Shetland wool came to be the yarn of choice for crewnecks because it was uniquely lightweight and warm, perfect for wicking away perspiration while still containing a certain amount of natural oil in the wool itself to repel moisture from the air. The perfectly natural, climate-controlled activewear.  By mid-20th Century the Shetland crewneck had become an indispensable sweater in the undergrad wardrobe because it worked so well with khakis and button downs, could easily be worn under a tweed jacket, and came in a variety of colours from dark forest green, navy blue, and walnut to pastel shades of yellow, raspberry, coral, light olive, and lovat, to earthtones of   fawn, camel, sand, and chestnut. A hundred years after it had been taken up by undergrads, it’s still an indispensable item in the campus wardrobe.

My college wardrobe contained a definitely select and finite numbers of garments for everyday wear: khaki trousers, button down shirts, penny loafers, and the Shetland crewneck sweater. Any additions to that classic list were icing on the sartorial cake.

If I may take a little sociological saunter here, it was the Shetland sweaters that often determined the place of the wearer in campus life. Distinctions here were sometimes subtle, and there were always exceptions. I hate to categorise, because it might imply value judgements which I want to avoid, nevertheless there were identifiable groups. Conservative young men – those mainly in the sciences – usually wore navy blue, grey, or some shade of brown or dark green Shetlands. They might well have been members of the Chess Club, Engineer’s Club, or one of the math clubs.

Those in the arts tended to be slightly more flamboyant and wore their crewnecks in colours of olive, reddish brown, dark red, and camel. They constituted the majority of students at my school. Further along the spectrum were the more confident young men, the leaders in sports, members of honour societies, and members of the Student Council. Light blue was a favoured colour, as was pale yellow and taupe.

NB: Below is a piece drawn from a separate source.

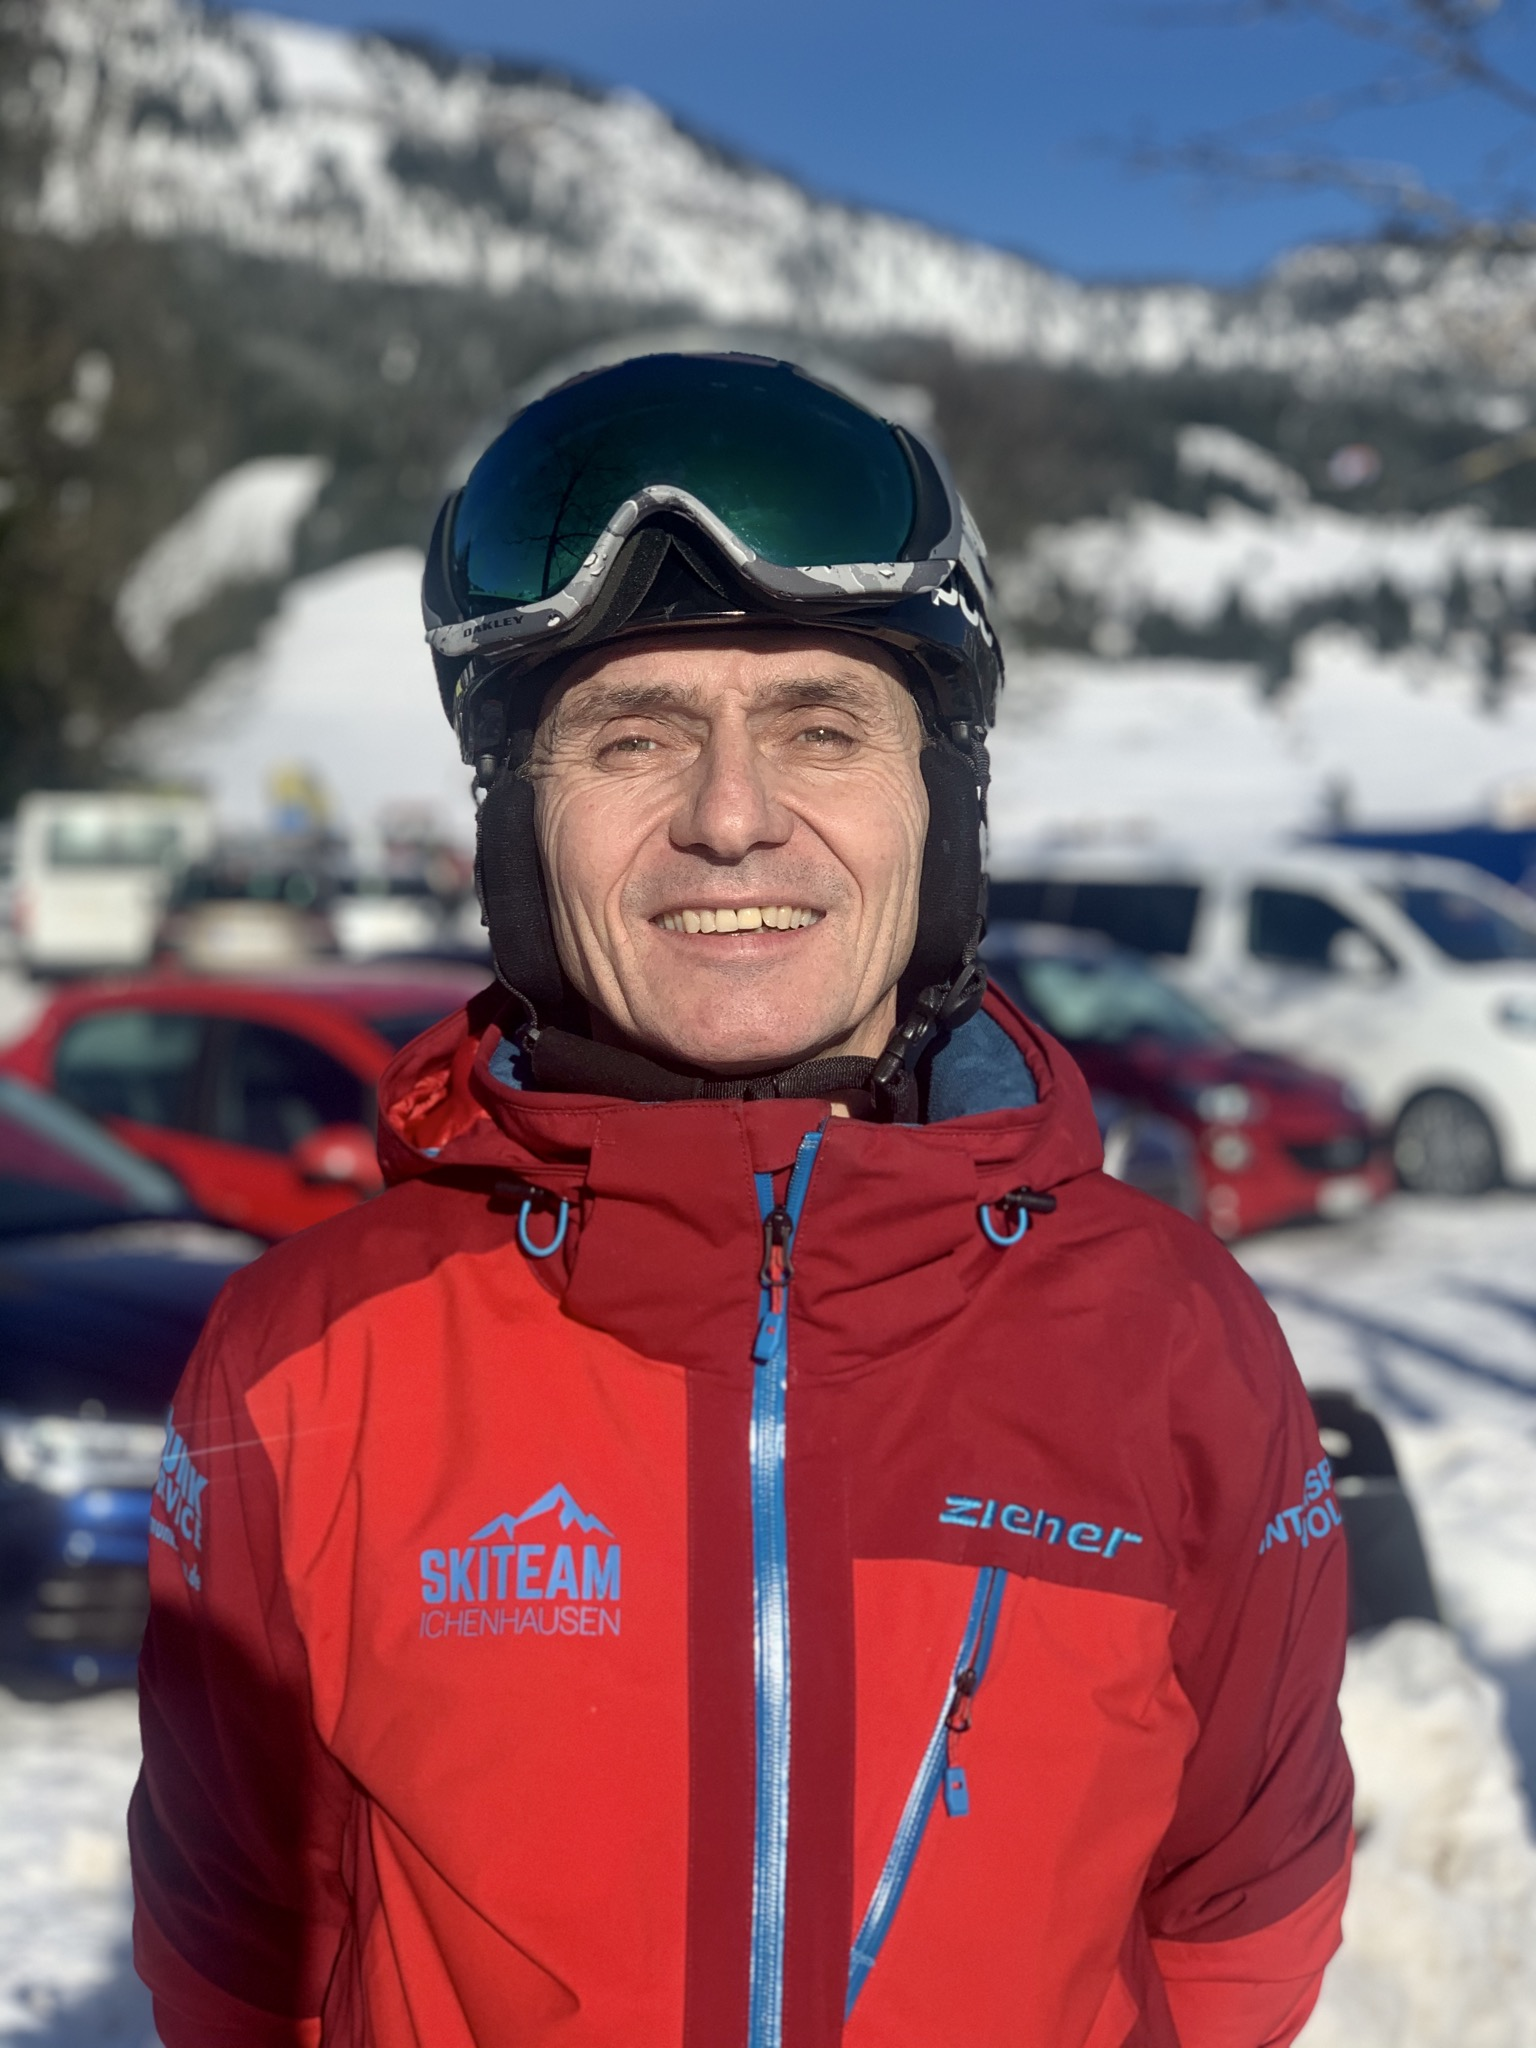 Heinz Glassenhart

At the sartorial edge of campus were the most animated, those members of the Debating Society, participants in the various variety shows and other entertainments, those interested in acting, and the staff of the various student publications. Their crewnecks were often raspberry or coral, deep purple, or grass green. And finally, there were the few who were considered at the time to have gone into another dimension. They were the members of in The French Club, The Art Club, Modern Dance Club, perhaps the jazz band or philosophy. They read Baudelaire and Alan Ginsberg, listened to Coltrane and Sonny Stitt, and drank fiascos of cheap wine. They wore black crewnecks and sometimes berets. No one knew from where they bought either of them.